Deadshot: Beginnings

Apparently, I've got some pull with DC Comics.  Yep, the world's oldest comics publisher actually seems to listen to me.
OK, maybe not.  However, for whatever reason, DC has finally begun to grant my wish for more trade paperbacks collecting the excellent work that John Ostrander did for the company back in the late 1980's and 1990's.  Since I first lamented the tragic lack of  collections of Ostrander penned comics on this blog some a couple of years ago, DC has seen fit to release a volume collecting the first several issues of Suicide Squad.  More recently, there are, as I reported a week or so ago, plans afoot to reprint the initial year's worth of The Spectre, as well as a forthcoming collection of his Martian Manhunter series.  This very month is scheduled to see the release of Deadshot: Beginnings, collecting, along with a couple of old Deadshot tales from Batman and Detective Comics, the four issue Deadshot mini-series from 1988 written by Ostrander and his wife Kim Yale and penciled and inked by then regular Suicide Squad artist Luke McDonnell.

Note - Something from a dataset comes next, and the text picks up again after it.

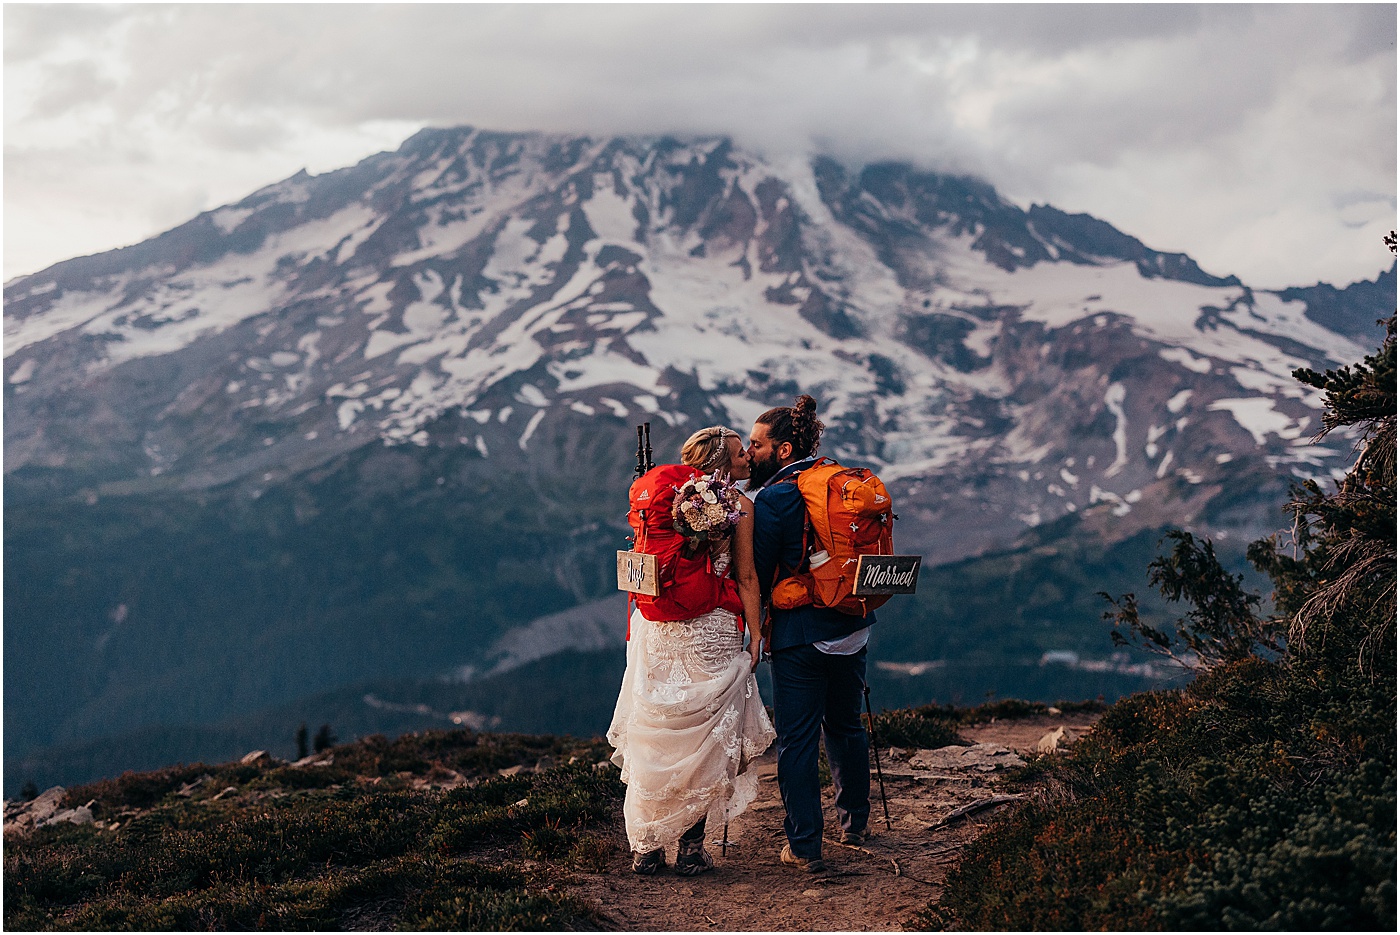 Couple with just married signs standing in front of Mount Rainier | Photo by Megan Montalvo Photography
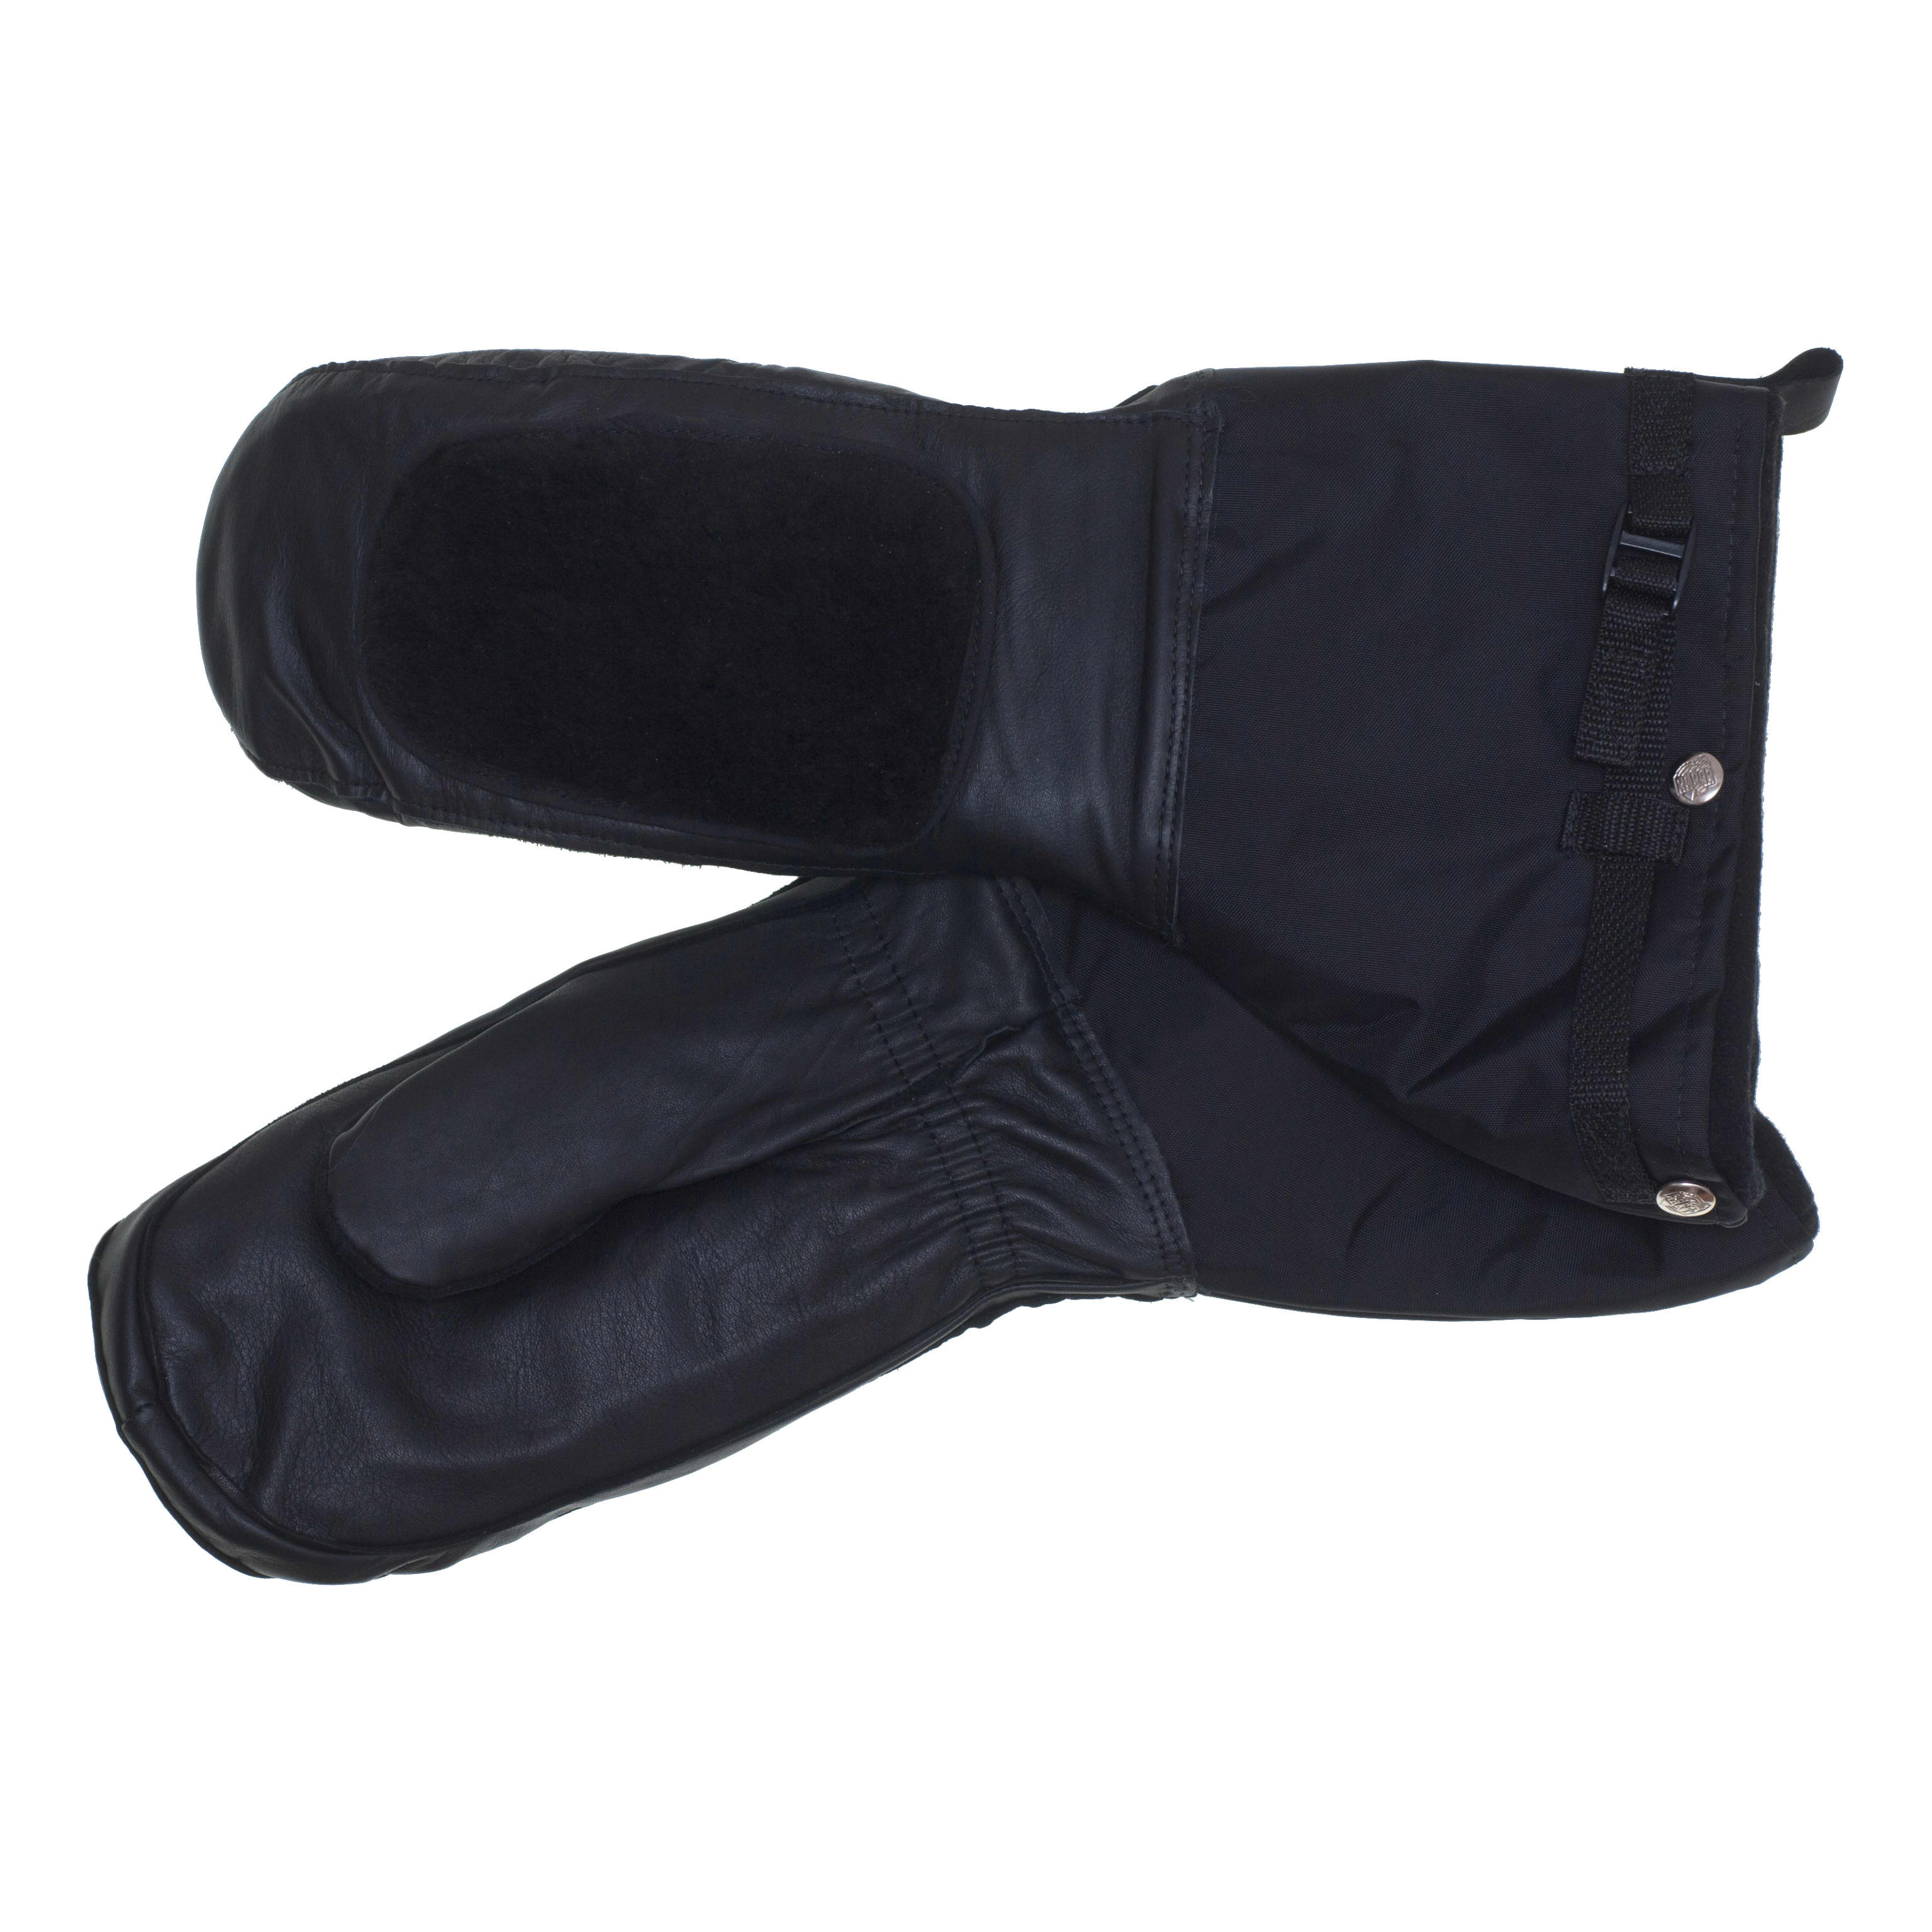 Raber HY-Arctic Extreme Gauntlet Mitt - Military Issue for Arctic Use |  Cabela's Canada

The Deadshot mini-series built on the work that Ostrander had been doing with the title character ever since the new Suicide Squad's debut in the Legends crossover.  Ostrander had established pretty early on established that Floyd Lawton (Deadshot) was hanging around with the Suicide Squad because he took the name seriously and harbored a pretty serious death wish.  The mini-series places Deadshot in a situation springing from his sordid past, allowing the readers to see the roots of the character's dysfunction.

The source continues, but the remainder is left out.